▶ _Available data_
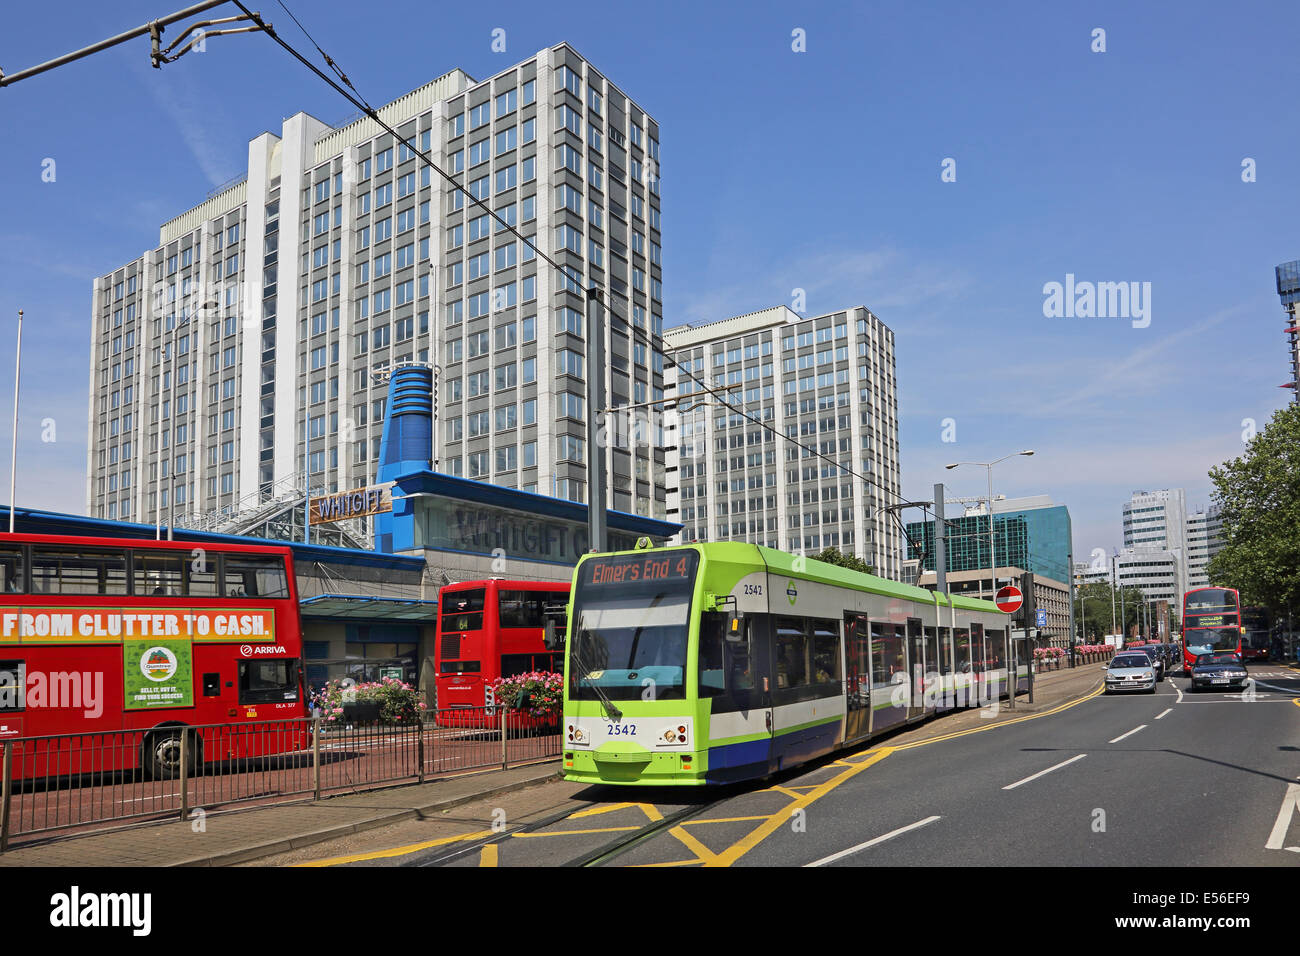 A Tram on the Croydon Tramlink system travels on Wellesley Road in Croydon town centre Stock Photo
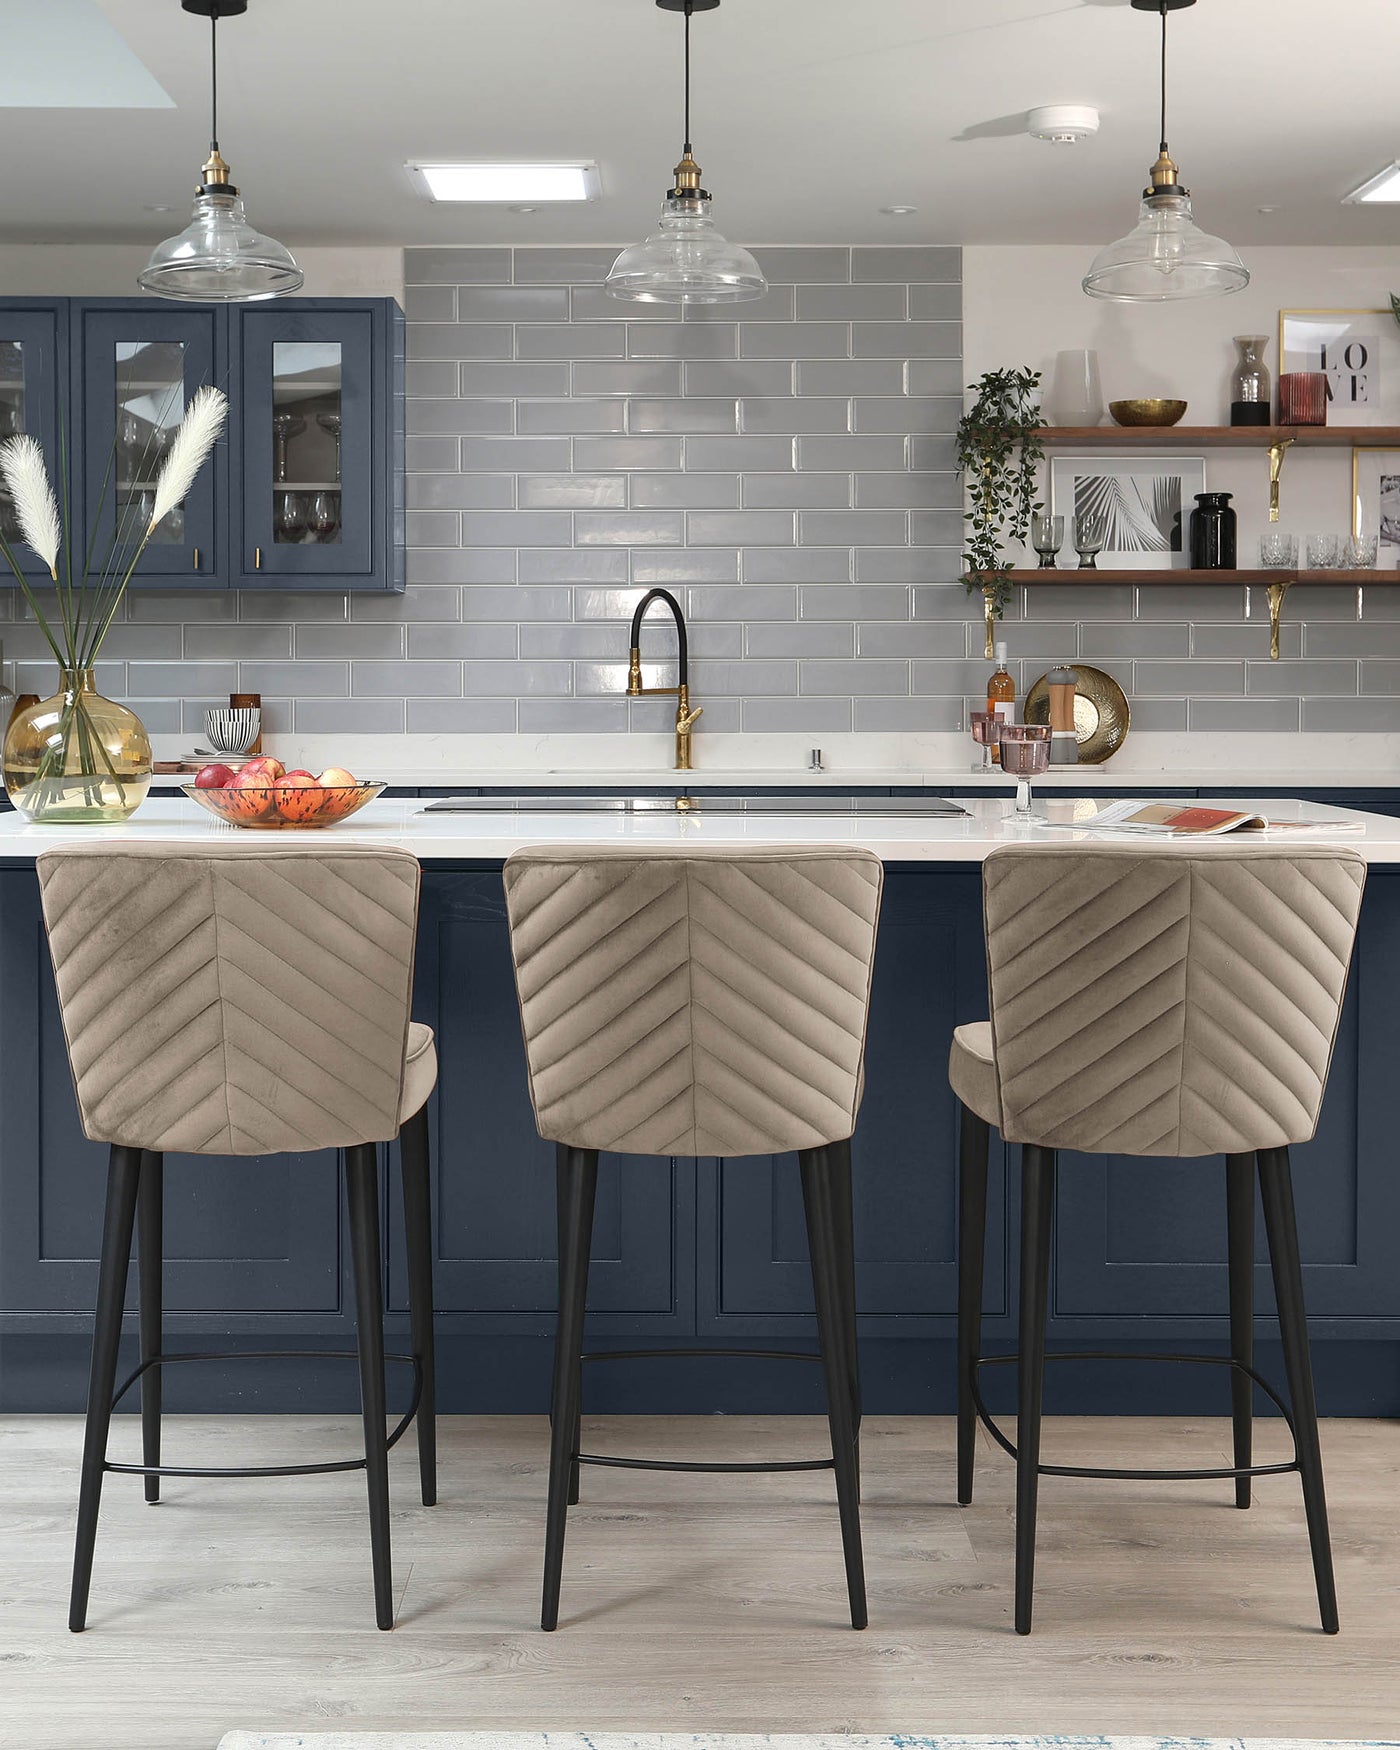 Three contemporary bar stools with upholstered seats in a light, textured fabric and chevron stitching. They feature curved backrests and slender black metal legs with footrests, positioned at a kitchen island.
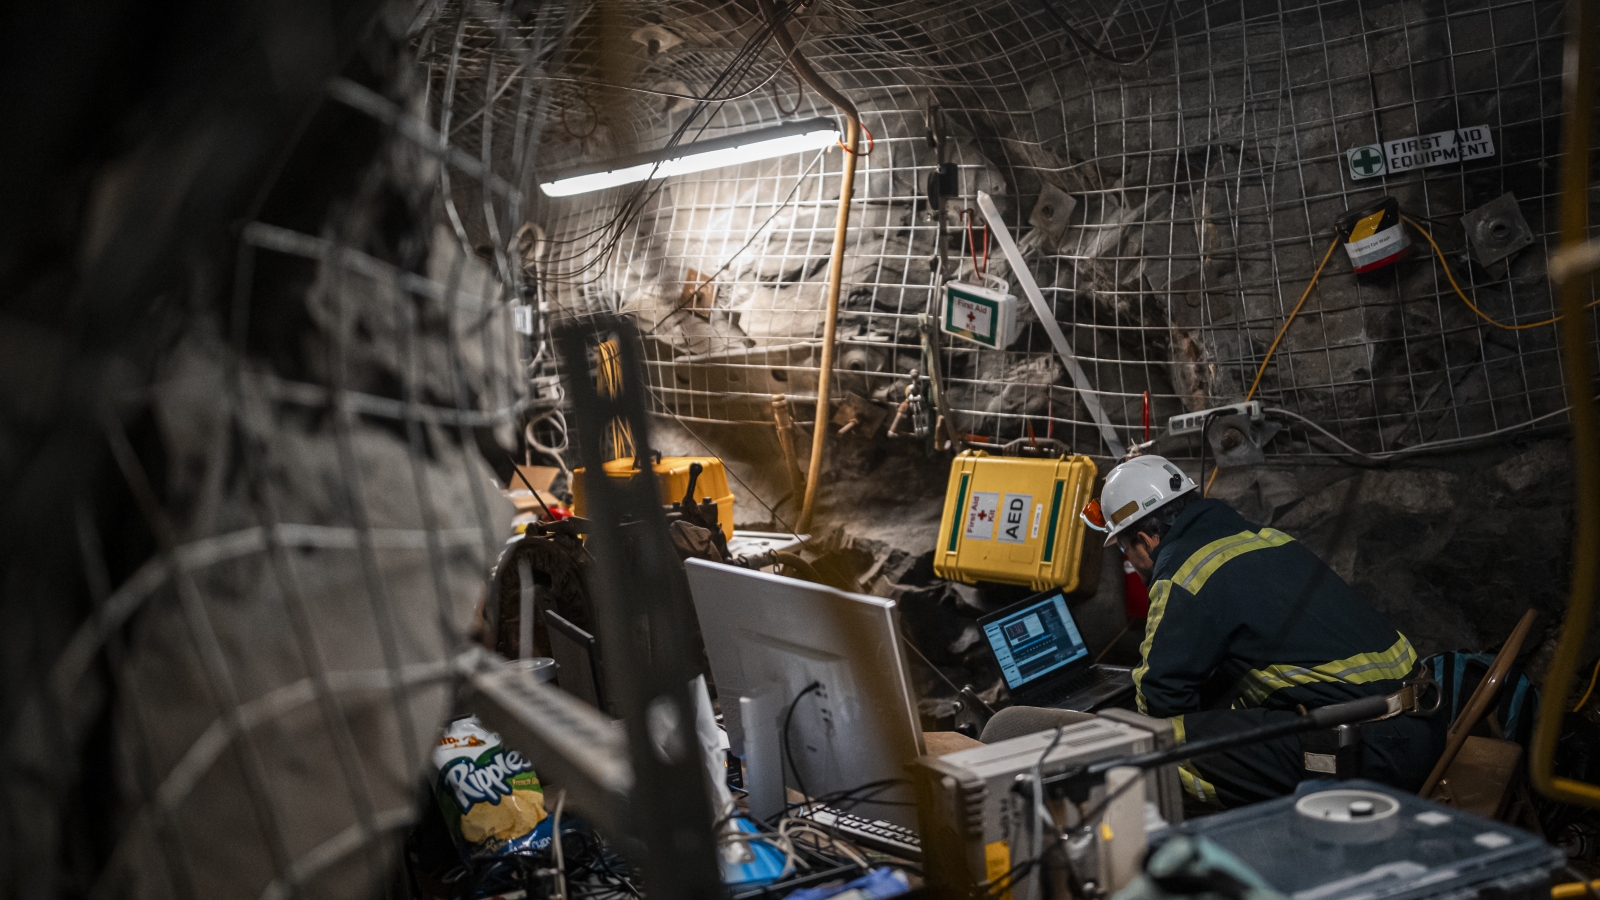 A researcher sits in a drift, looking at a computer. The drift is heavily outfitted with scientific monitoring equipment.
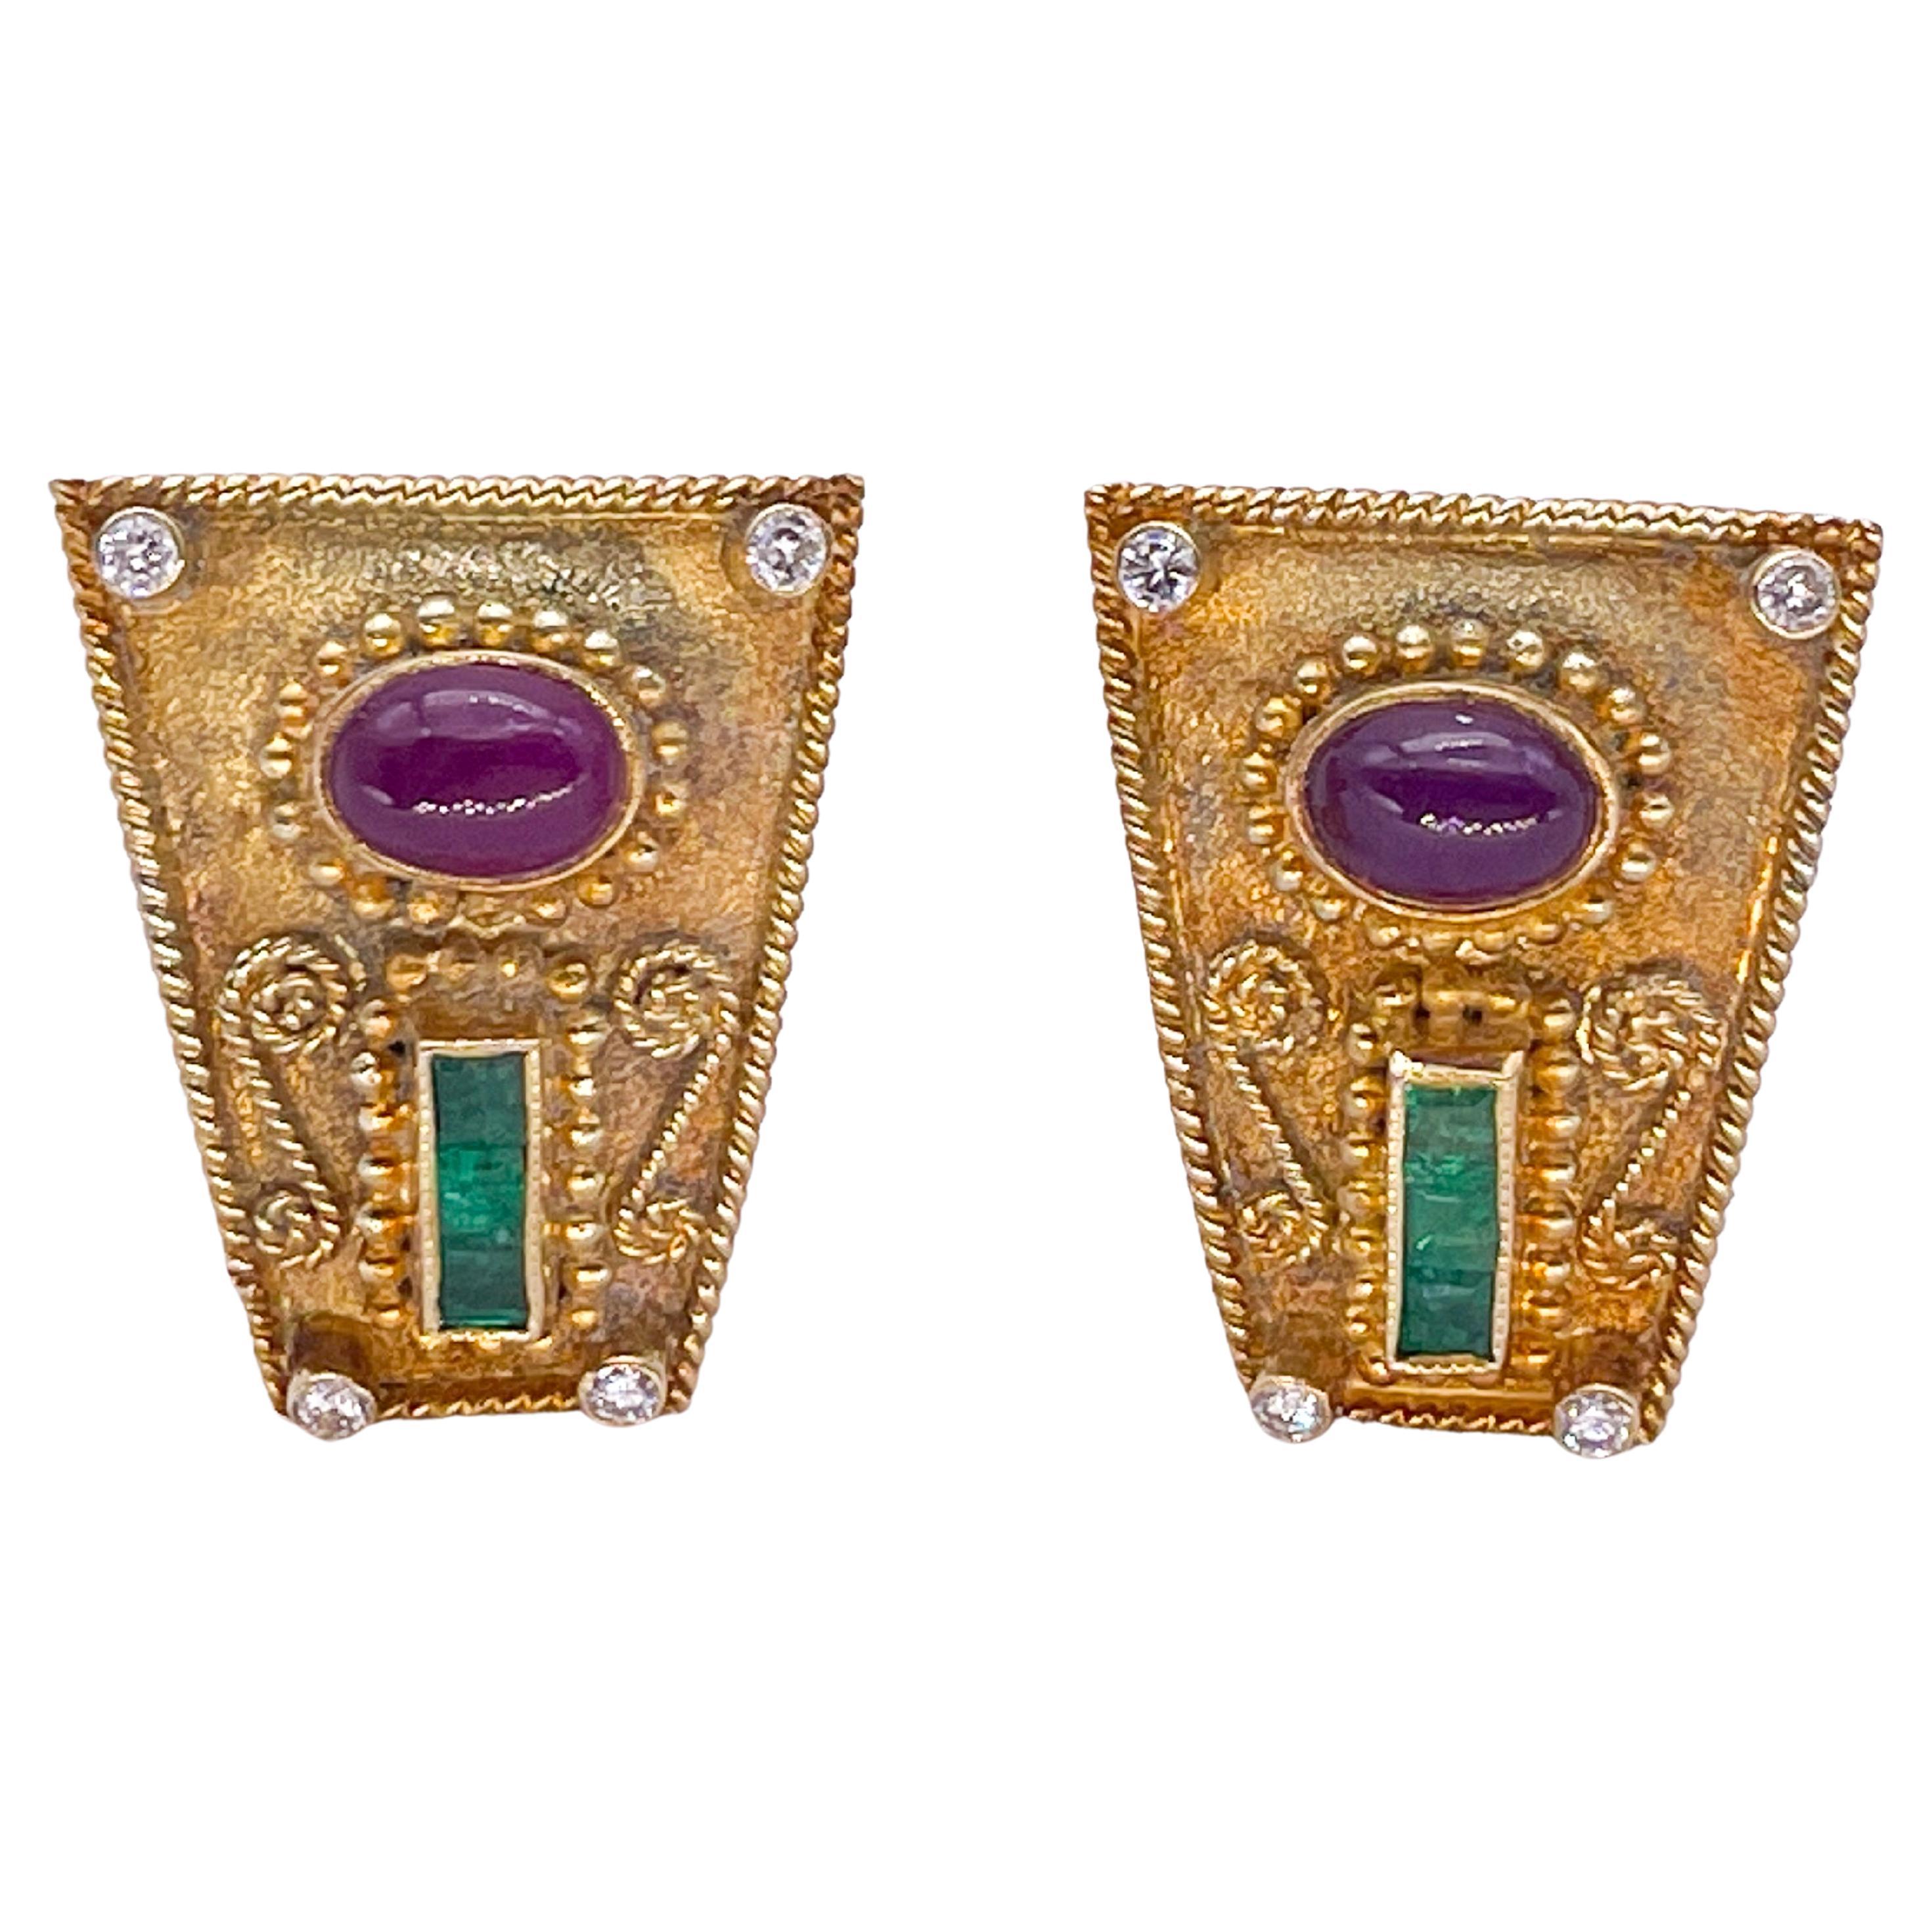 Gikas 18k Gold Earrings with Ruby, Emerald and Diamond Stones For Sale

▶ _Your goal_
Restate the whole listing above exactly, please, omitting every image.

▶ _Answer for this exercise_
 A Tram on the Croydon Tramlink system travels on Wellesley Road in Croydon town centre Stock Photo
 Three contemporary bar stools with upholstered seats in a light, textured fabric and chevron stitching. They feature curved backrests and slender black metal legs with footrests, positioned at a kitchen island.
 A researcher sits in a drift, looking at a computer. The drift is heavily outfitted with scientific monitoring equipment.
 Gikas 18k Gold Earrings with Ruby, Emerald and Diamond Stones For Sale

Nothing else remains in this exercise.